What is expected
Restate word for word the lines below from the one that has "Delightful English sterling" through the one that has "There are twenty", keeping both and dropping all pictures.

Exercise inputs
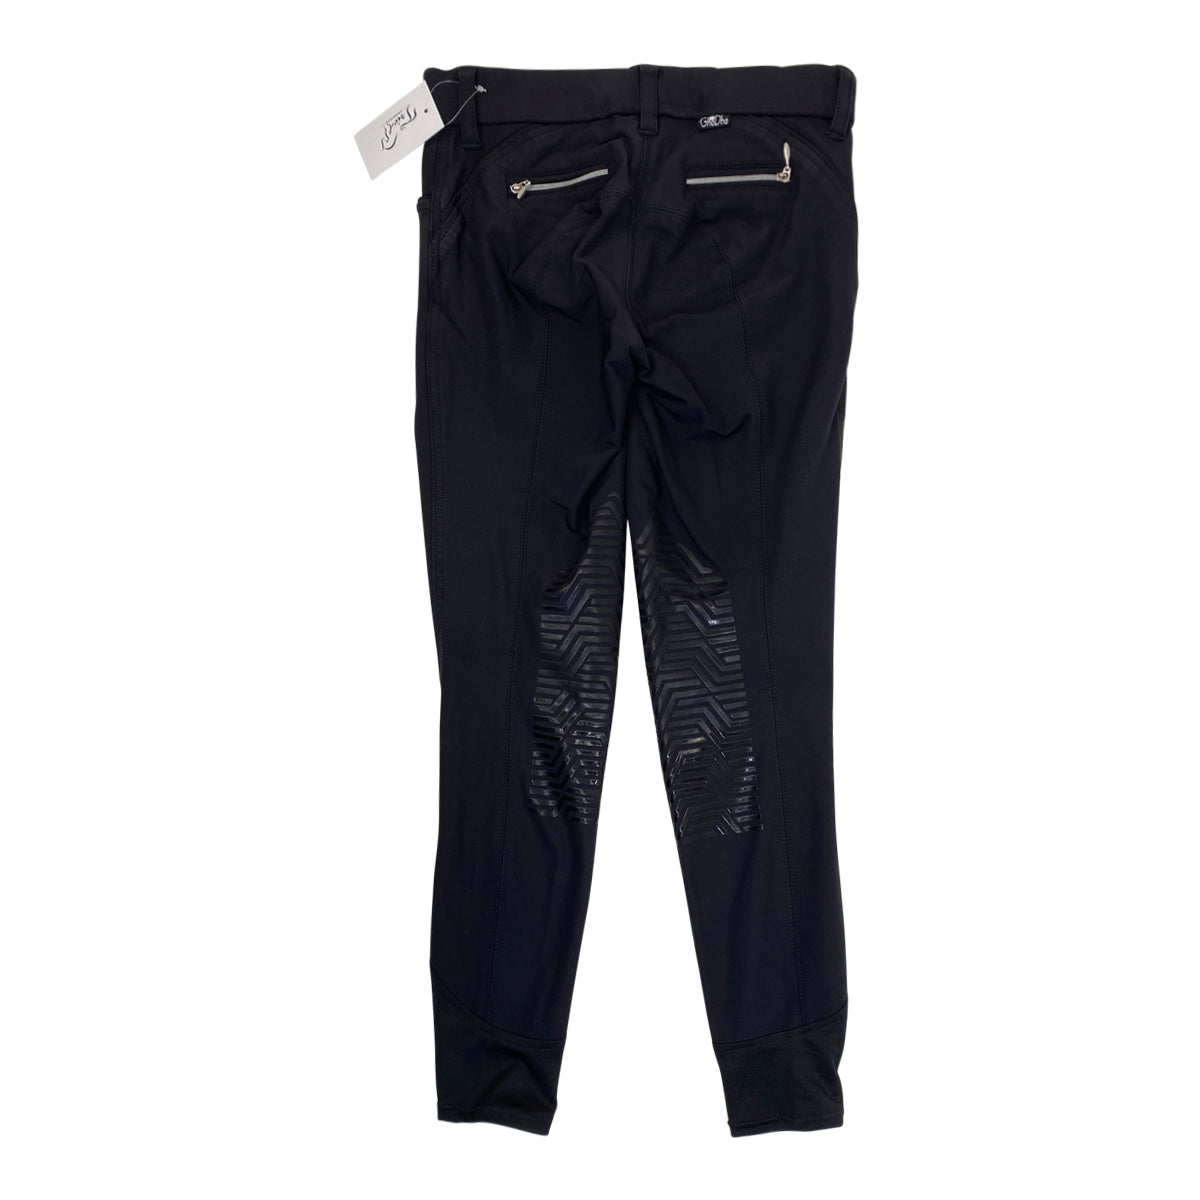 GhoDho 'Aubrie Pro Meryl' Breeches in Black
...
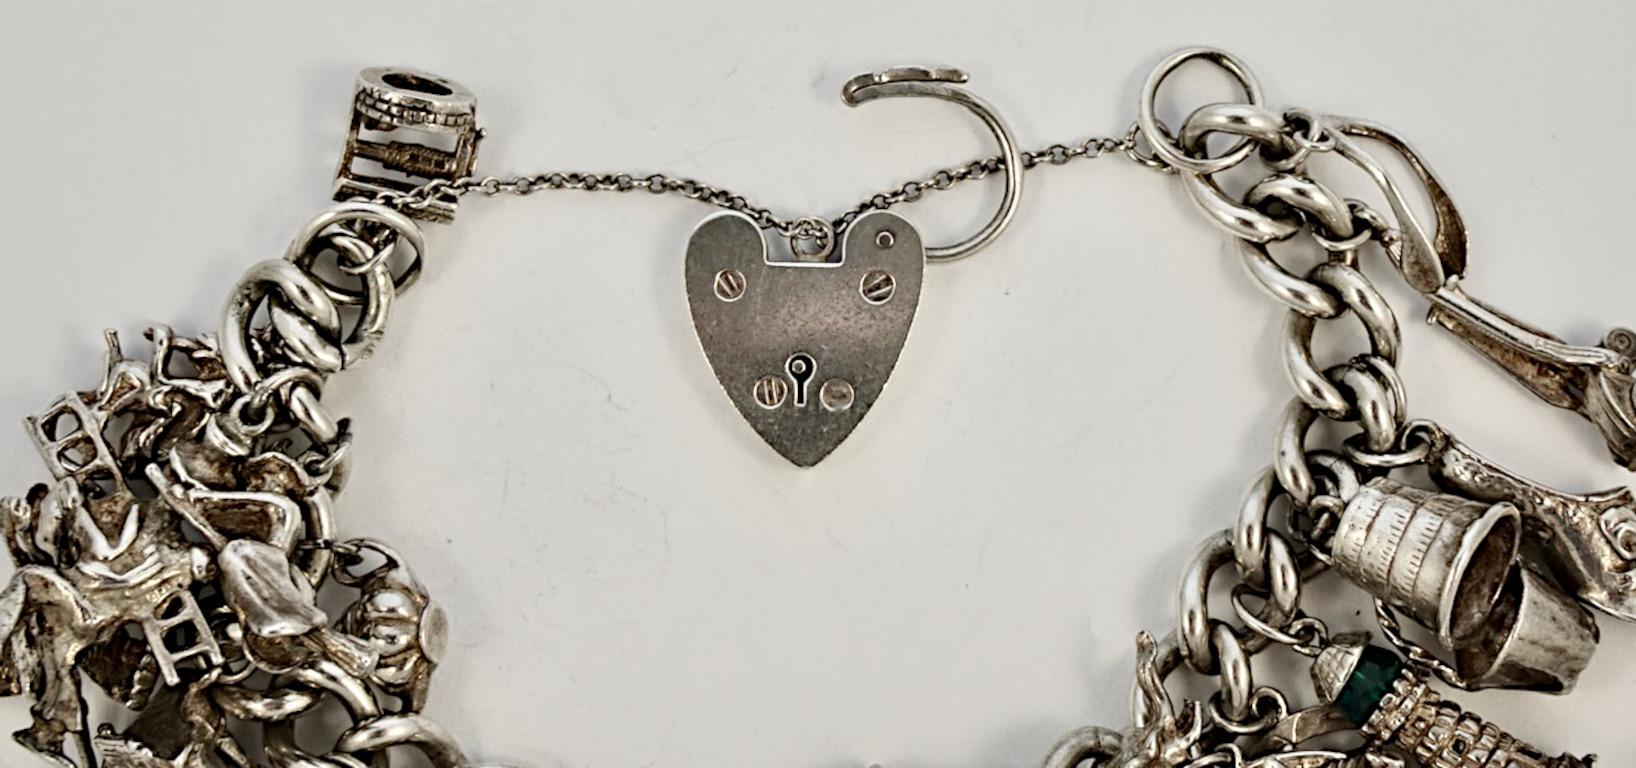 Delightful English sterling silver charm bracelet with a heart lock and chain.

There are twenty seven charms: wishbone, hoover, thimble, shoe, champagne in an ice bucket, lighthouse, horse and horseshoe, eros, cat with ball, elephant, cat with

Your solution
 Delightful English sterling silver charm bracelet with a heart lock and chain.

There are twenty seven charms: wishbone, hoover, thimble, shoe, champagne in an ice bucket, lighthouse, horse and horseshoe, eros, cat with ball, elephant, cat with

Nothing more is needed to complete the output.